An Excerpt from “On a Faëry Castle”
By Hilaire Belloc
There is a part of us, as all the world knows, which is immixed with change and by change only can live. There is another part which lies behind motion and time, and that part is ourselves. This diviner part has surely a stronghold which is also an inheritance. It has a home which perhaps it remembers and which certainly it conceives at rare moments during our path over the moor.
This is that Faëry Castle. It is revealed at the sound of a trumpet; we turn our eyes, we glance and we perceive it; we strain to reach it — in the very effort of our going the doom of human labour falls upon us and it vanishes away.

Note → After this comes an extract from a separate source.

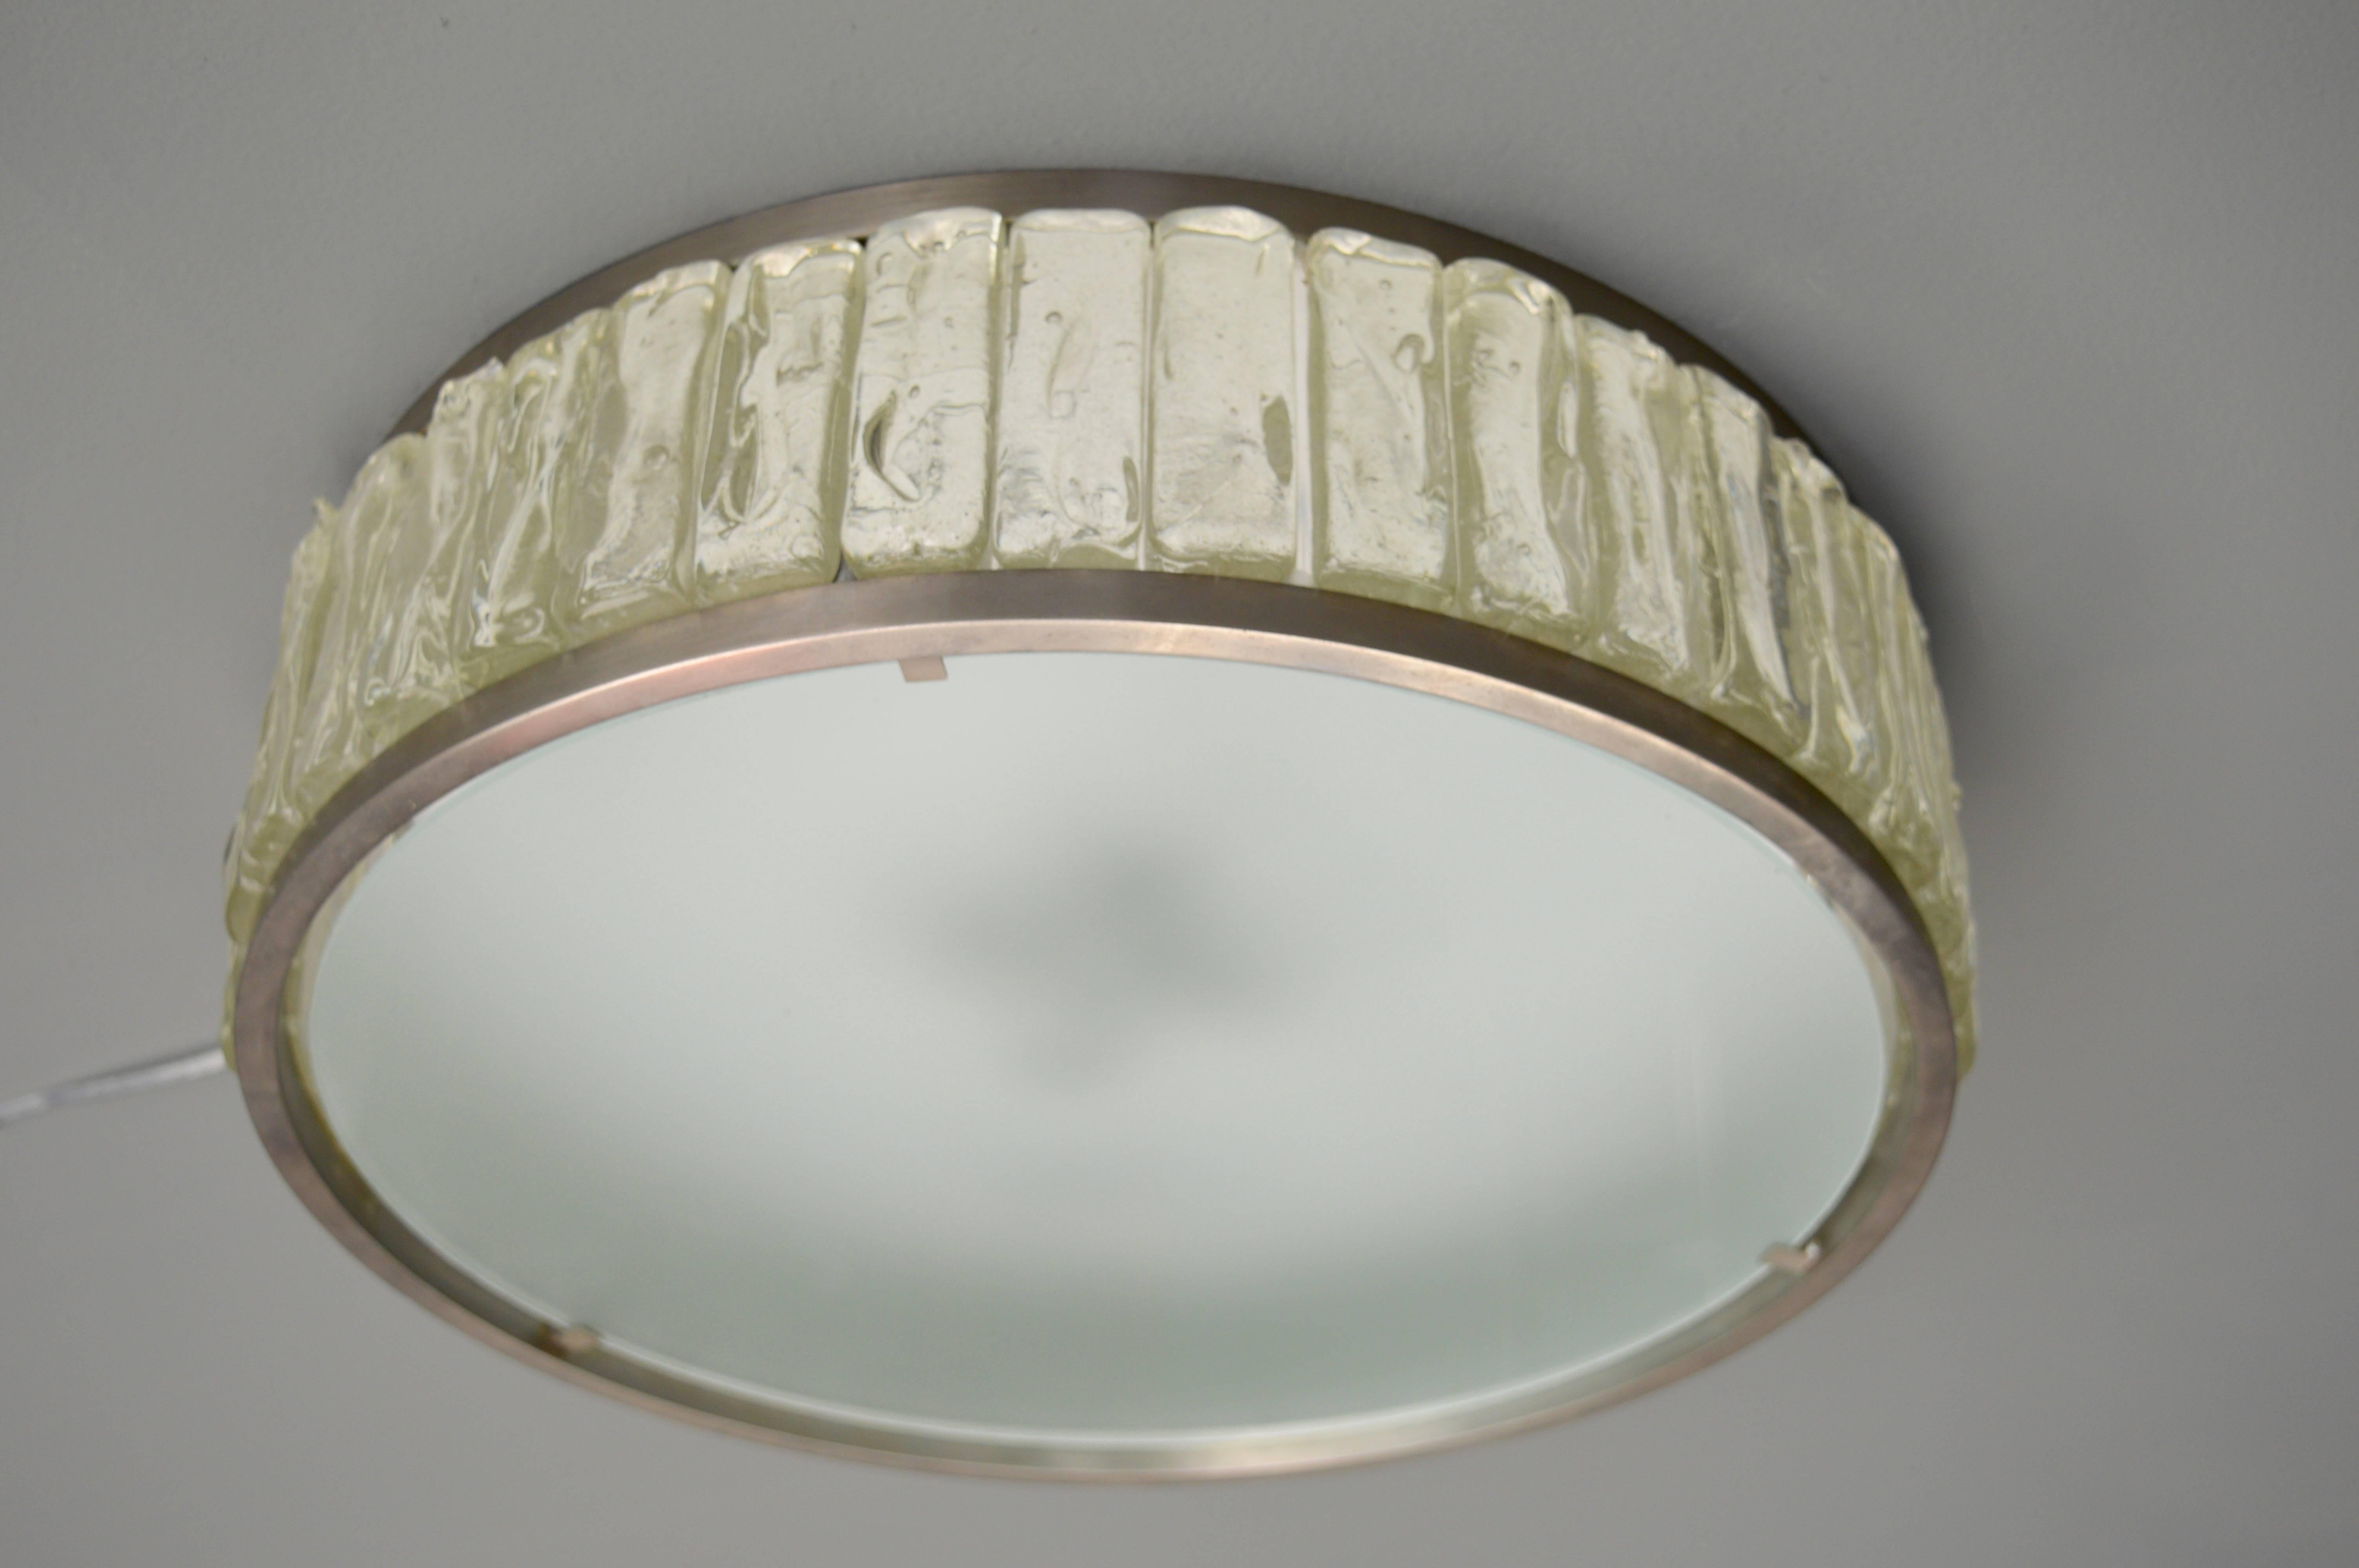 Exquisite vintage flush mount by Jean Perzel. Circular flush mount with nickel-plated brass hardware and milky glass diffuser. Rectangular ice glass blocks are sandwiched between two nickel discs. Newly rewired. Four European sockets. Excellent

It is real or unreal. It is unreal like that island which I thought to see some miles from Africa, but which was not truly there: For the ship when it came to the place that island had occupied sailed easily over an empty sea. It is real, like those high Sierras which I drew from the Sacramento River at the turn of the night and which were suddenly obliterated by the rising sun.
Where the vision is but mirage, even there it is a symbol of our goal; where it stands fast and true, for however brief a moment, it can illumine, and should determine the whole of our lives. For such sights are the manifestation of that glory which lies permanent beyond the changing of the world. Of such a sort are the young passionate intentions to relieve the burden of mankind, first love, the mood created by certain strains of music, and — as I am willing to believe — the Walls of Heaven.